1- Ne naviguez pas en eaux troubles
2- On peut avoir de mauvaises surprises...
3- Décrocheurs de la réalité: ce qu'en pensent les sexologues
4- Sécurité élémentaire
5- L'une cherche l'âme soeur...


1- Ne naviguez pas en eaux troubles - Par Guy Sabourin

À l'ère du virtuel, Internet sert à courtiser, à rencontrer, parfois même à baiser. Mais attention aux déclarations enflammées, genre "I love you", qui se transforment parfois, on le sait, en méchant virus!

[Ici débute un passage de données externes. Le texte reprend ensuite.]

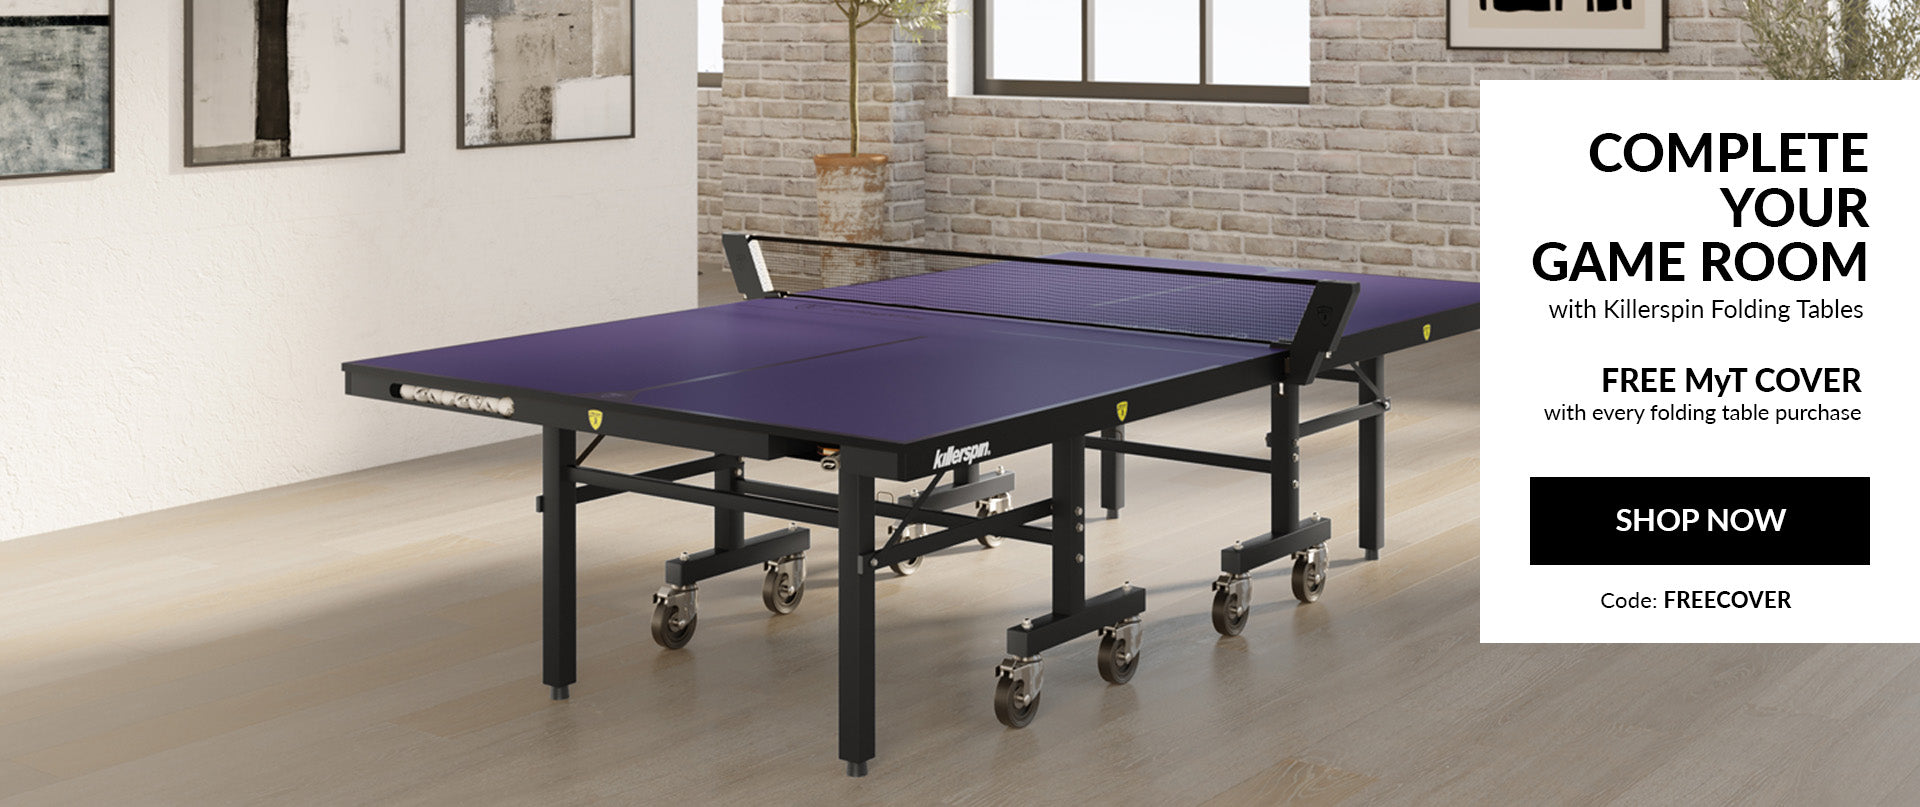 best table tennis online store
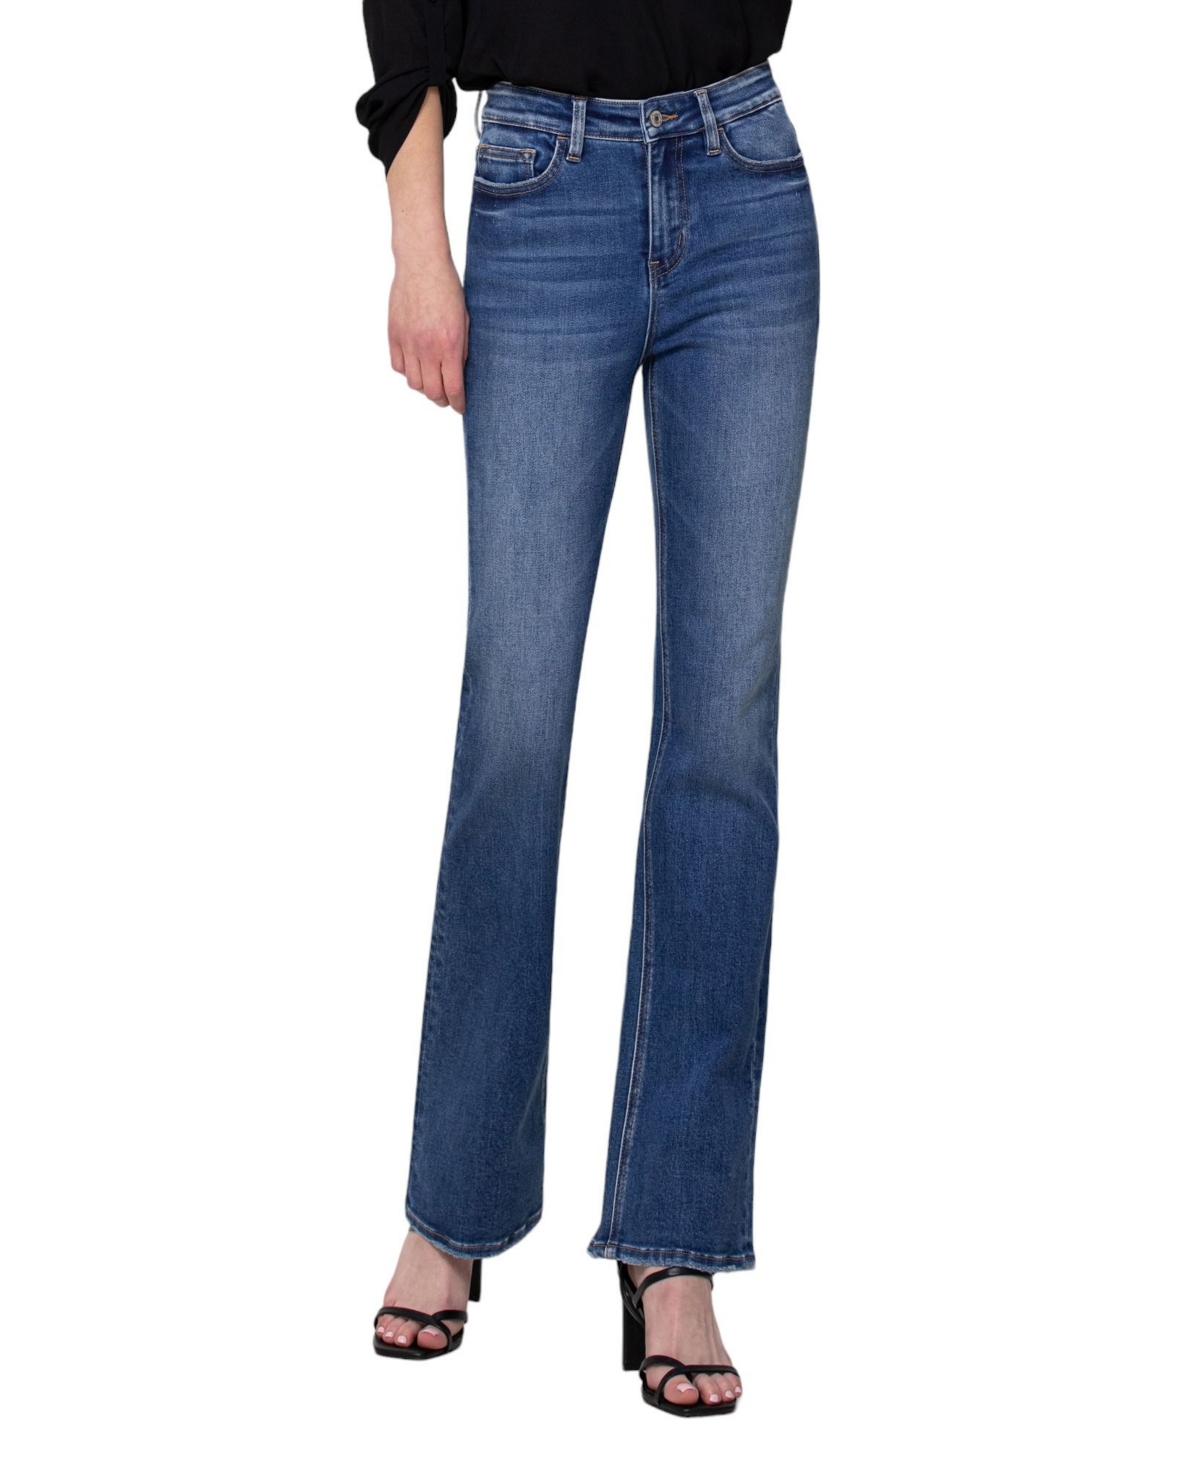 Women's High Rise Stretch Slim Bootcut Jeans - Walking on sunshine blue

Tout le monde le fait... ou presque. Chaque jour, des millions d'internautes des quatre coins de la planète se courtisent dans Internet avec l'espoir de rencontrer l'âme soeur. "Les sites de rencontre virtuelle sont les plus visités après les sites pornos", soutient Karine Vincent, directrice du marketing chez Beehive, l'agence de marketing Internet qui anime le site Web Séduction. Le rêve: c'est fait dans l'anonymat absolu, ce qui donne à la recherche virtuelle une méchante longueur d'avance sur les méthodes conventionnelles.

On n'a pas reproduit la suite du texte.